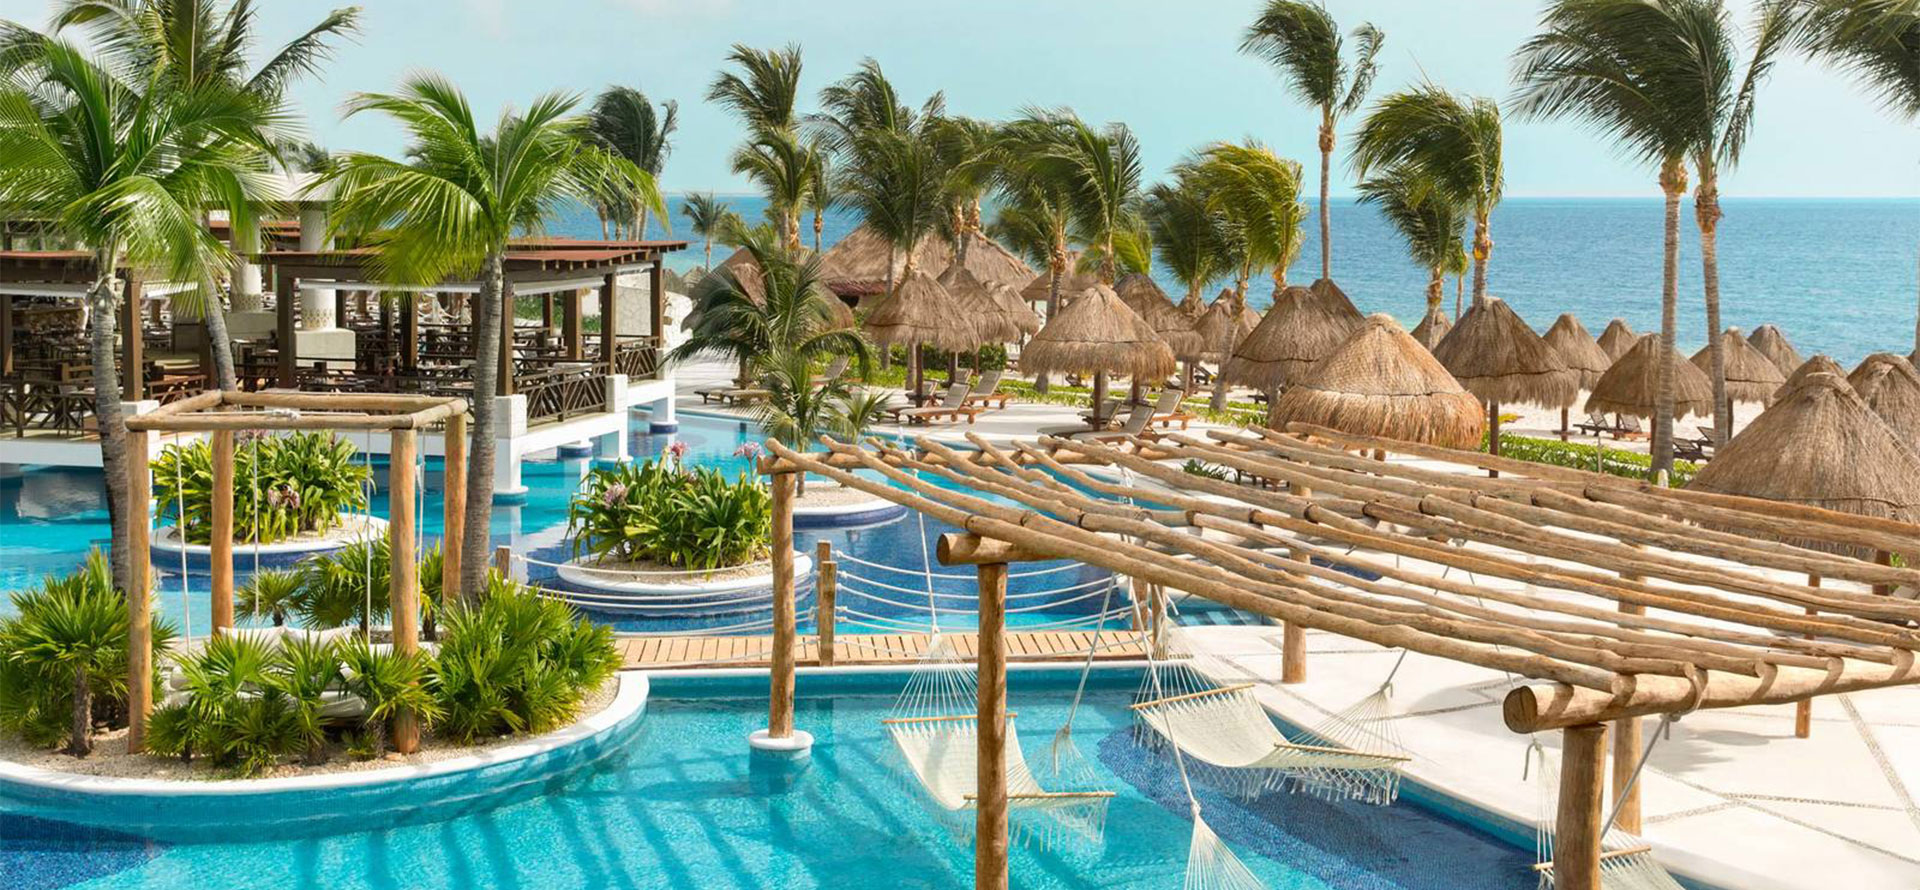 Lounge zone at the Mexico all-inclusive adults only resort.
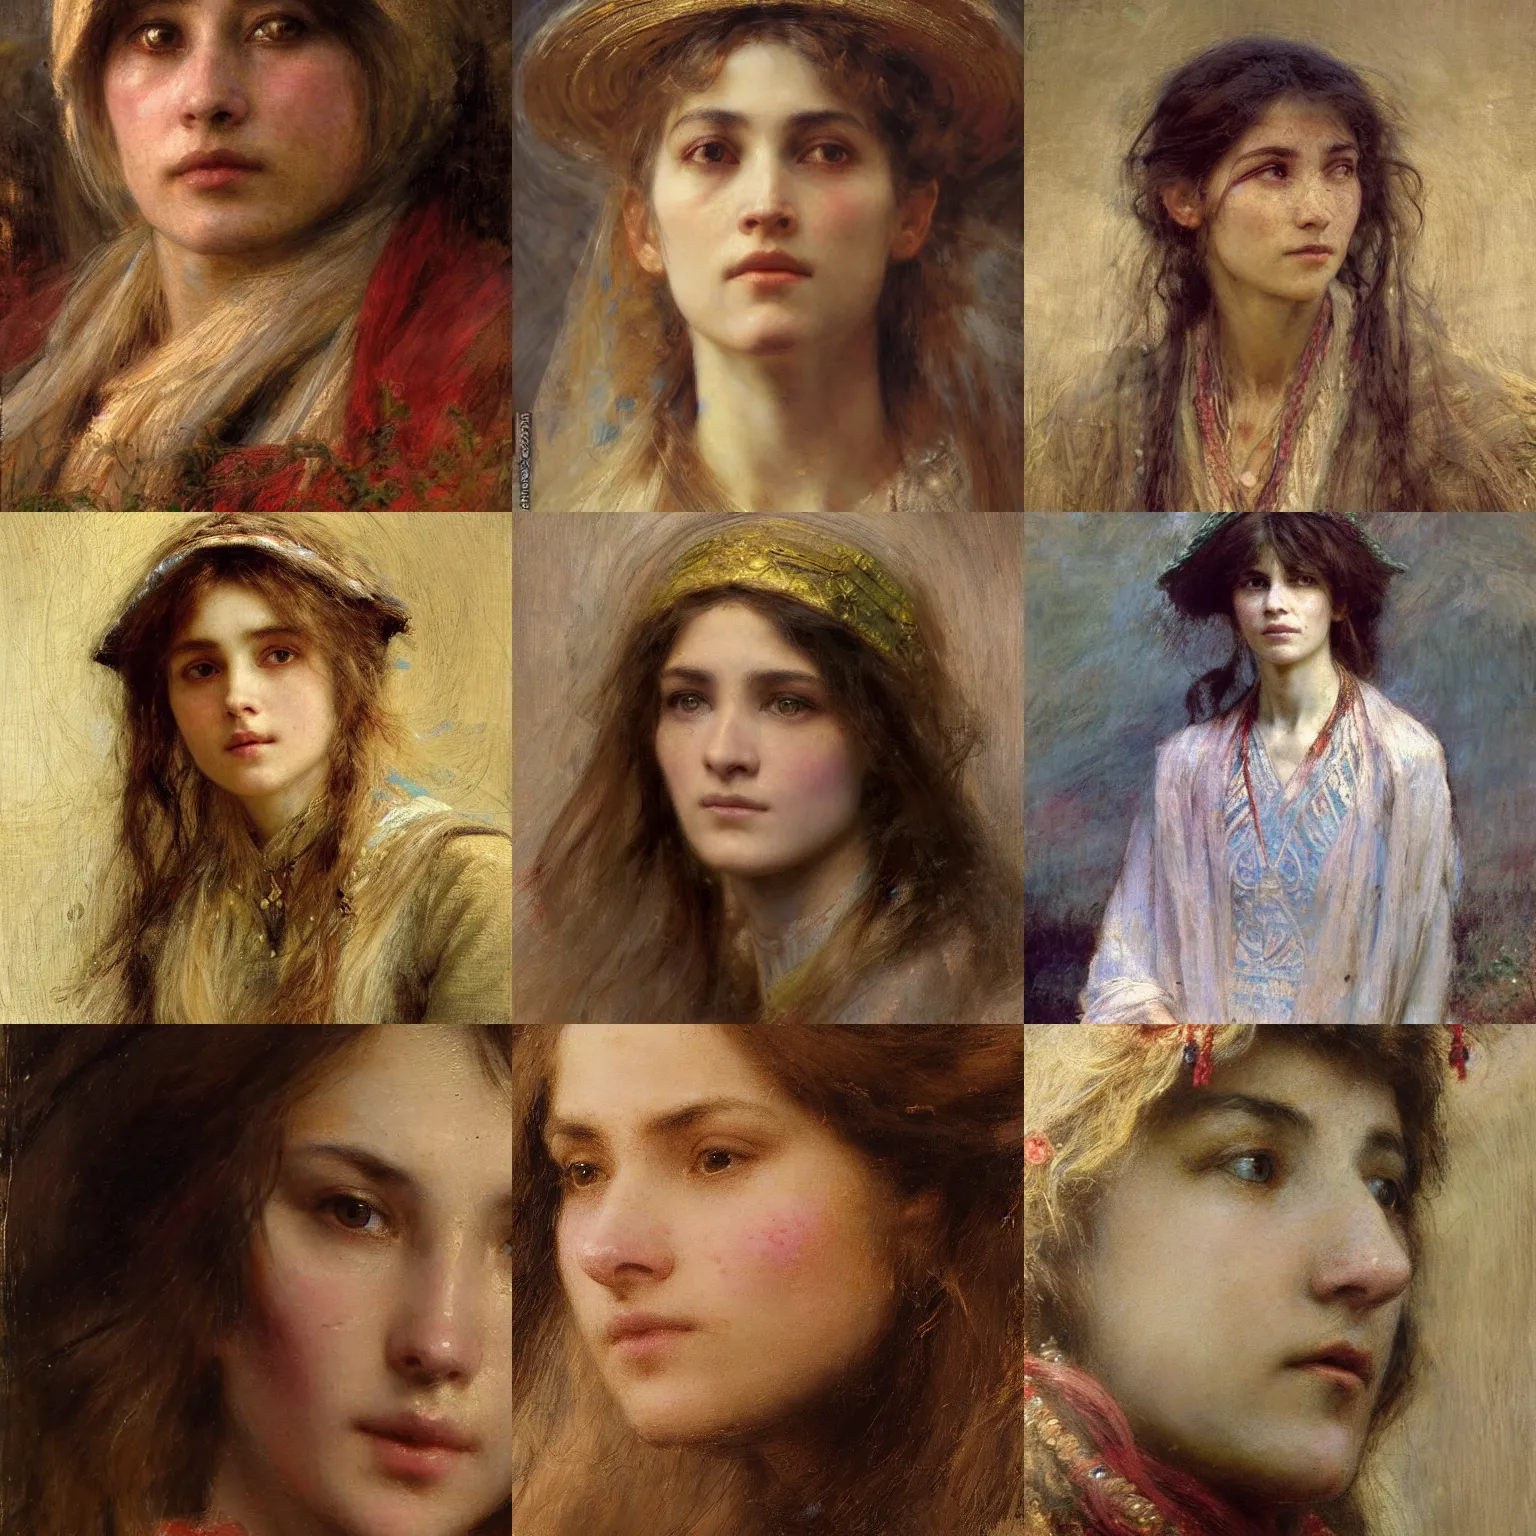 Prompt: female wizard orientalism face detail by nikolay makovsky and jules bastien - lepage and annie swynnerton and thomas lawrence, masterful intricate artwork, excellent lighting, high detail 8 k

* * *

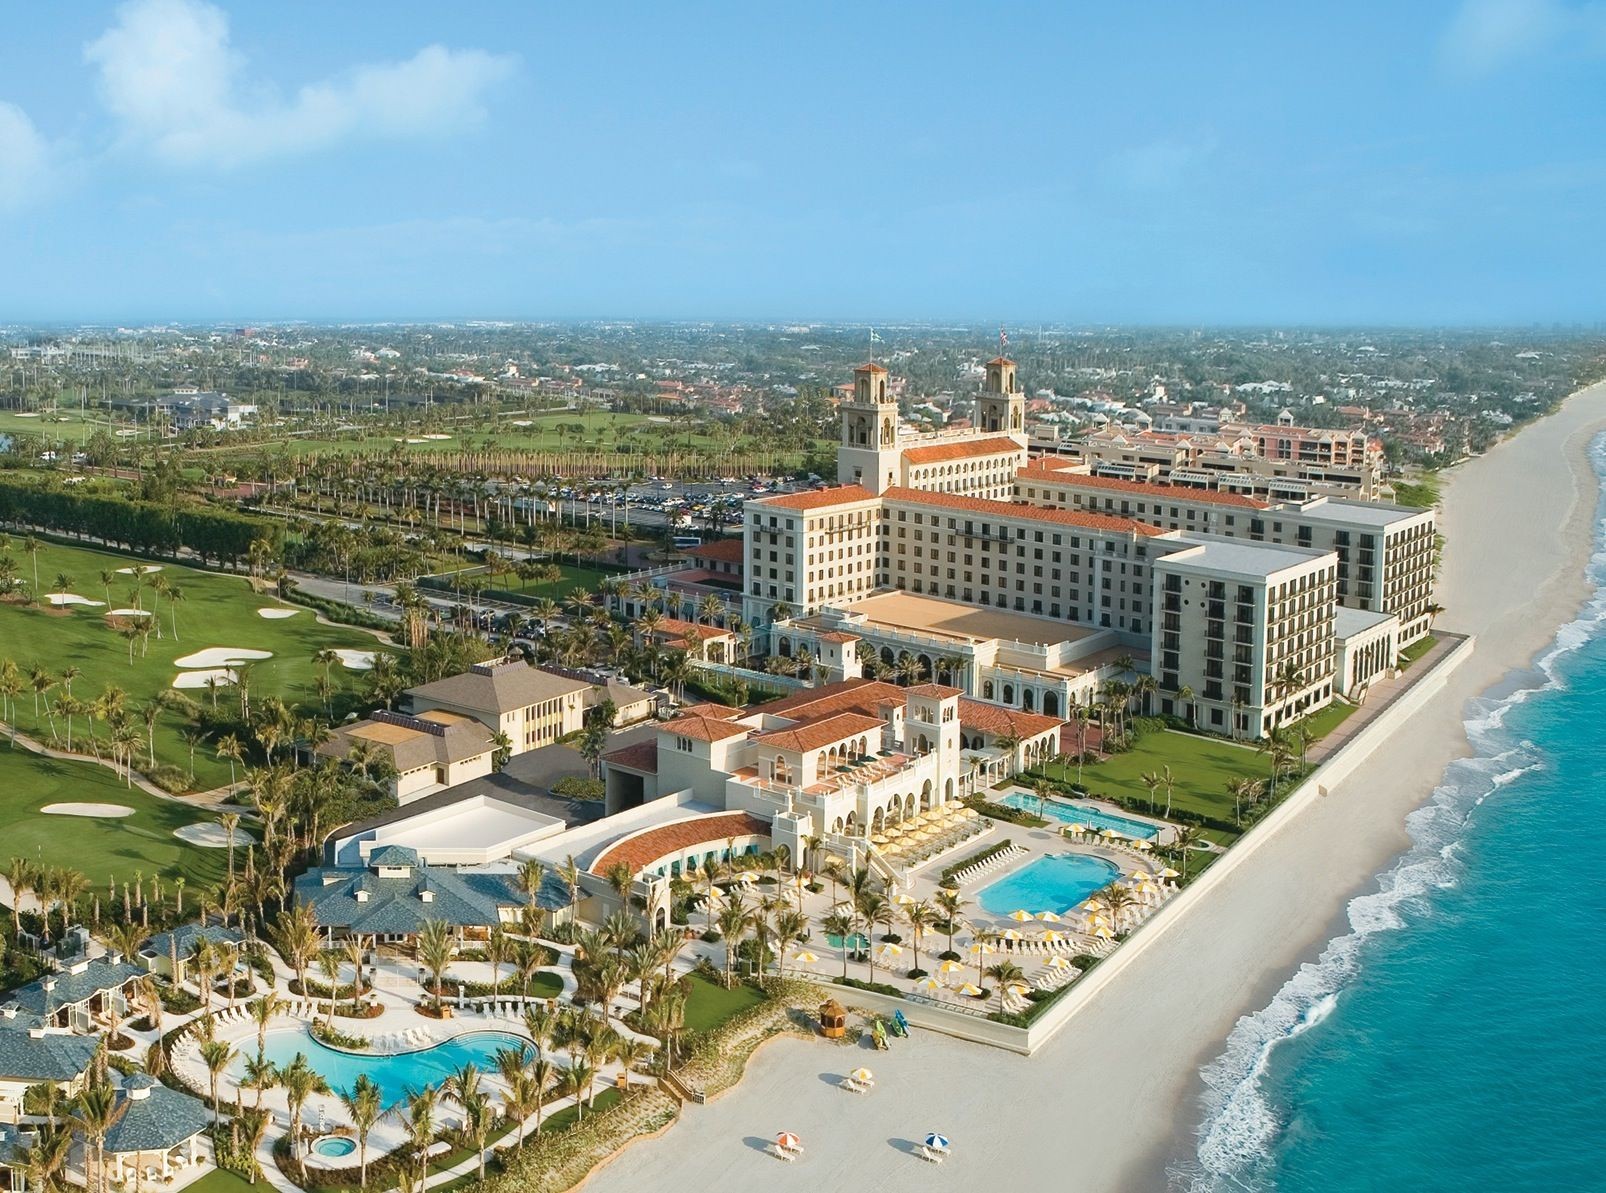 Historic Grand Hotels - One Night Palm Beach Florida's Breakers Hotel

▶ Work order
Would you set down only the lines above from the line with "Lounge zone at" to the line with "Prompt: female wizard", both included, exactly as they stand and without the pictures?

▶ Written solution
 Lounge zone at the Mexico all-inclusive adults only resort.
 Prompt: female wizard orientalism face detail by nikolay makovsky and jules bastien - lepage and annie swynnerton and thomas lawrence, masterful intricate artwork, excellent lighting, high detail 8 k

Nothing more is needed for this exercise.